I meant more, would the trail damage the boots more, rather than the boots damaging the trail. I've only ridden barefoot horses on this trail before, so I have no experience knowing how slippery shoes are on wet rocks.


----------



## LesandLily (Oct 8, 2012)

I personally would go without them unless you find that you need them. I am not sure about these boots but others I have used, they are replaceable so you can take them in and out if you decide you do or don't need them. 

I have ran horses on packtrips and hunting trips that have Boreum cleats on their shoes and they works great for grabbing onto rocks, ice etc. The drawback was that you couldn't do any kind of speed work with them on. I really didn't even like to lope with them on as if the horse doesn't stop properly (or if he is cued wrong) the cleats can grab and cause an injury. I would suspect the same from a cleat on a boot...maybe even more so by the look of them. Personally, I would either go without or get a shoe where they are replaceable. Just my $.02.

Cheers!
Les


----------



## Joe4d (Sep 1, 2011)

I know alot of endurance riders that run boots on rocky terrain. The most common are easy boot glue ons, easyboot gloves and renegades. None of them use studs. Id probably only consider them if I was road riding in the winter on hard pack snow/ice.


----------



## waresbear (Jun 18, 2011)

Thanks LesandLily, you gave me the answer I was looking for.


----------



## Pattilou (Jul 8, 2010)

I use Easyboot gloves regularly. I don't see the need for studs in the shoe unless you are riding in snow and ice. The gloves do well in water, rocks, mud without studs. I have many friends who use Renegades, none of them have studs.


----------



## DixieKate (Oct 16, 2012)

Pattilou said:


> I use Easyboot gloves regularly. I don't see the need for studs in the shoe unless you are riding in snow and ice. The gloves do well in water, rocks, mud without studs. I have many friends who use Renegades, none of them have studs.

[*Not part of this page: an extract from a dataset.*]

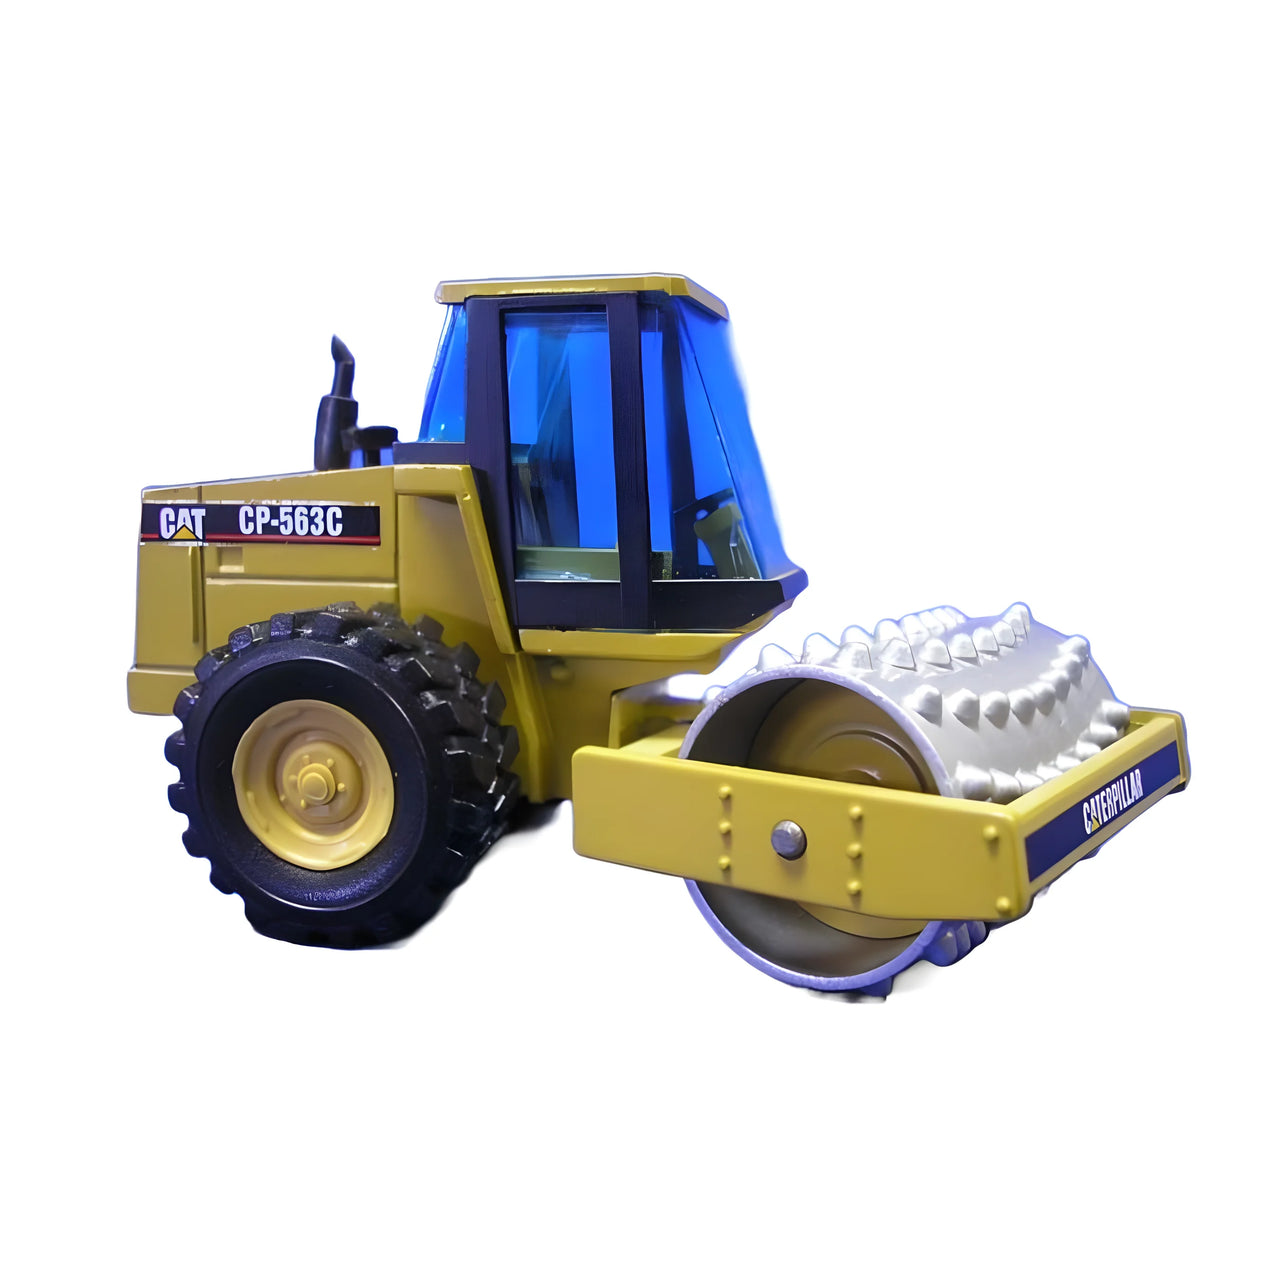 401.3 Caterpillar CP-563C Road Roller 1:50 Scale (Discontinued Model)

Thank you very much! I will not get the studs


----------



## Makoda (Jan 17, 2011)

I have used a bunch of different boots. And the boots that are more rubbery like easyboots grab rock better, but the renegades are by far the best for use.

On summer pack trips I noticed that when crossing big slabs of rock the barefoot horses do good, as well as the ones with boots, however did have some shod horses not only slip but fell down a few times. They just can't go where the renegades can. And the renegades were the non studded ones. Trust me it was getting annoying trying to find trails for some horses when others had freedom to go wherever

Another plus I noticed when riding in the really rocky areas like creek beds was that the back of the renegades protect the heel bulbs too, which ended up being a problem for horses not wearing them they all had swollen ankles while the renegade horses didn't. 

As far as wear goes they do wear out faster on rock and asphalt, if you ever did ride on a road with boots just walk because a trot or lope really eats at them fast. Rocks though are nowhere near the wear of asphalt. That being said I have been really suprised at how long they have worn so far. The boots are estimated to give 300-600 miles. I put around three hundred so far and they don't hardly look worn. I expect six or more.


----------



## Painted Horse (Dec 29, 2006)

The type of rocks makes a huge difference.

Steel shoes are terrible slippery on granite. Where as aluminum shoes grab hold of granite and hold. Barefoot horses or booted horse are in between those two extremes on granite.

Sand stone on the other hand is just the opposite. Steel shoes bite into the sand stone and shod horses do better than barefoot or booted horses. I've seen friends with traditional shod horses ride across large uphill slabs of sand stone that my bare foot horses could not cross.

Trying to scramble up sidehills of flat sheets of rock, really need the right kind of shoe. I watched my friends cross this sandstone with shod horses and I had to stop and go around with my barefoot gelding









And even though this was pretty flat, the slick rock doesn't offer much traction for the hoof that won't bite into it.









I've ridden some boardwalks that are fine dry, But with a summer rain they become incredably slick until they dry out. Studs would have done wonders on them when wet.


----------



## Pattilou (Jul 8, 2010)

Hey it look like the yellow brick road through the Forrest !!


----------



## Painted Horse (Dec 29, 2006)

I think it was a green pressure treated boardwalk


----------



## DixieKate (Oct 16, 2012)

Thank you everyone for the awesome answers! I'm definitely going to be purchasing some renegades in the near future.


----------